Logistic Regression¶
Let’s set some setting for this Jupyter Notebook.
In [1]:
%matplotlib inline
from warnings import filterwarnings
filterwarnings("ignore")
import os
os.environ['MKL_THREADING_LAYER'] = 'GNU'
os.environ['THEANO_FLAGS'] = 'device=cpu'
import numpy as np
import pandas as pd
import pymc3 as pm
import seaborn as sns
import matplotlib.pyplot as plt
np.random.seed(12345)
rc = {'xtick.labelsize': 20, 'ytick.labelsize': 20, 'axes.labelsize': 20, 'font.size': 20,
'legend.fontsize': 12.0, 'axes.titlesize': 10, "figure.figsize": [12, 6]}
sns.set(rc = rc)
from IPython.core.interactiveshell import InteractiveShell
InteractiveShell.ast_node_interactivity = "all"
Now, let’s import the LogisticRegression
model from the
pymc-learn
package.
In [2]:
import pmlearn
from pmlearn.linear_model import LogisticRegression
print('Running on pymc-learn v{}'.format(pmlearn.__version__))
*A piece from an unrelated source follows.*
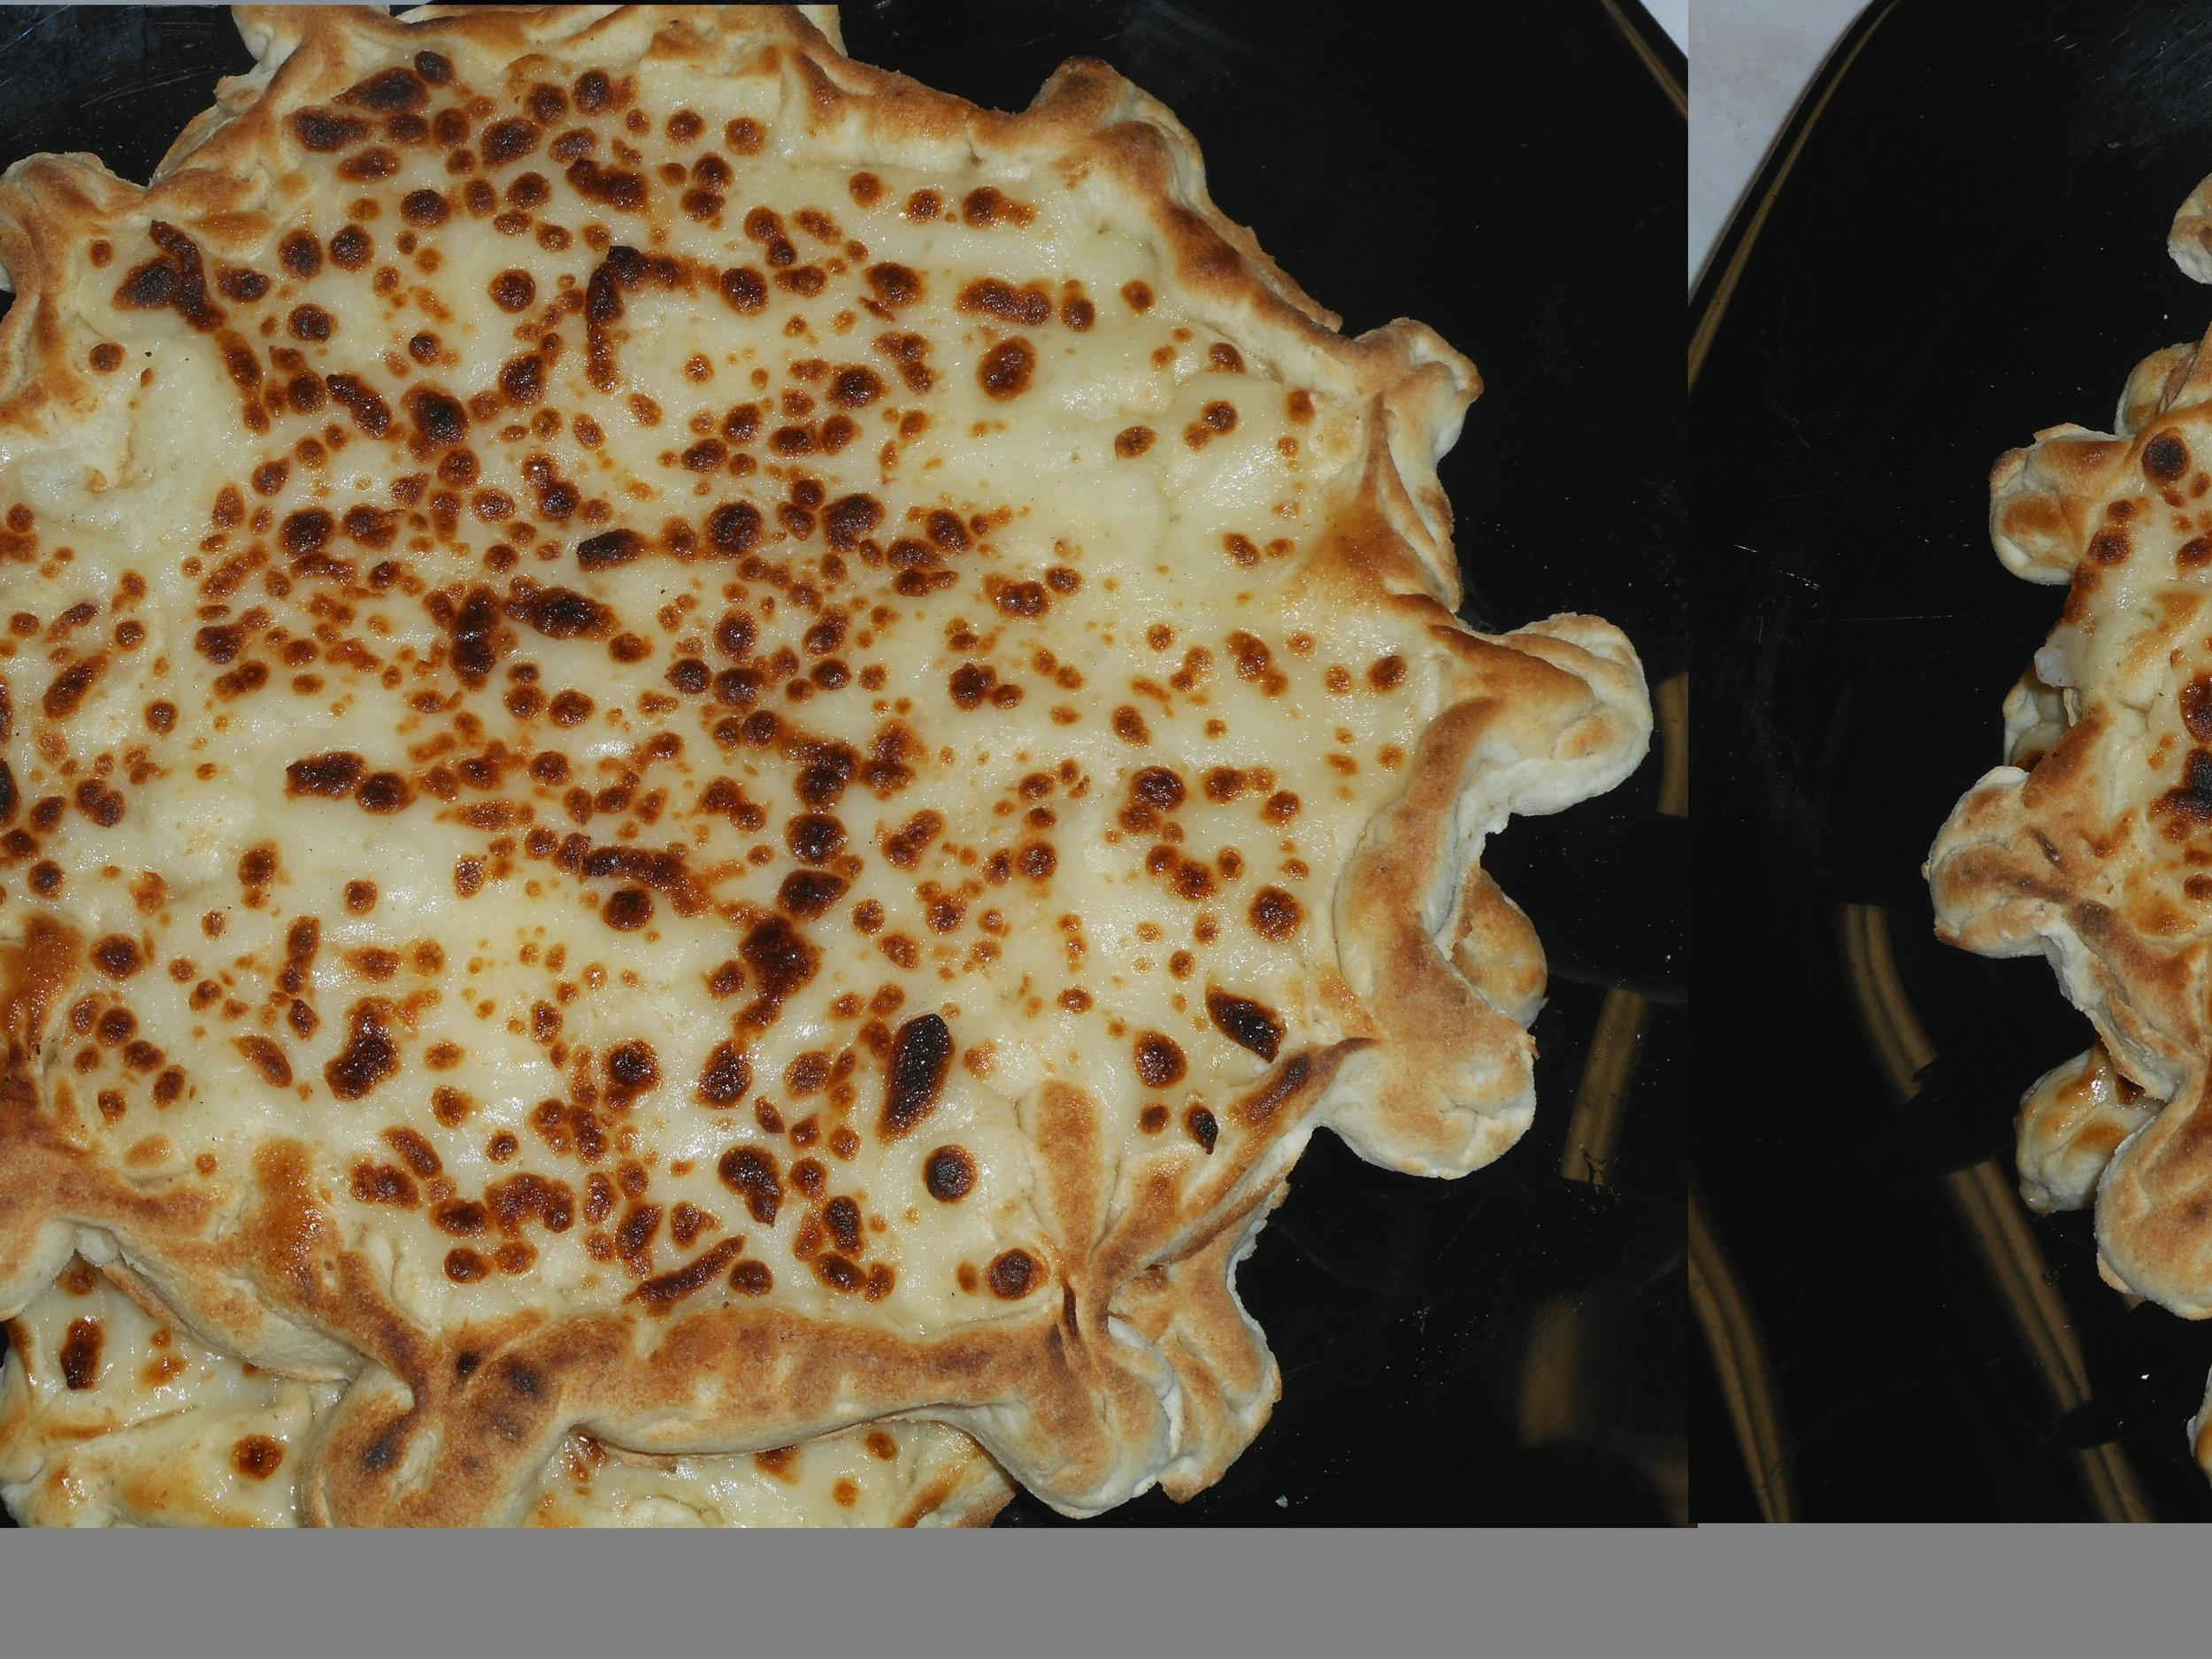 Cheesy-Zatar-Bread-Pak-Halal-Mediterranean- Grocery-Store-12259-W-87th-St-Pkwy-Lenexa-KS-66215.JPG

Running on pymc-learn v0.0.1.rc0
Step 1: Prepare the data¶
Generate synthetic data.
In [3]:
num_pred = 2
num_samples = 700000
num_categories = 2
In [4]:
alphas = 5 * np.random.randn(num_categories) + 5 # mu_alpha = sigma_alpha = 5
betas = 10 * np.random.randn(num_categories, num_pred) + 10 # mu_beta = sigma_beta = 10
In [5]:
alphas
Out[5]:
array([ 3.9764617 , 7.39471669])
In [6]:
betas
Out[6]:
array([[ 4.80561285, 4.44269696],
[ 29.65780573, 23.93405833]])
In [7]:
def numpy_invlogit(x):
return 1 / (1 + np.exp(-x))
In [8]:
x_a = np.random.randn(num_samples, num_pred)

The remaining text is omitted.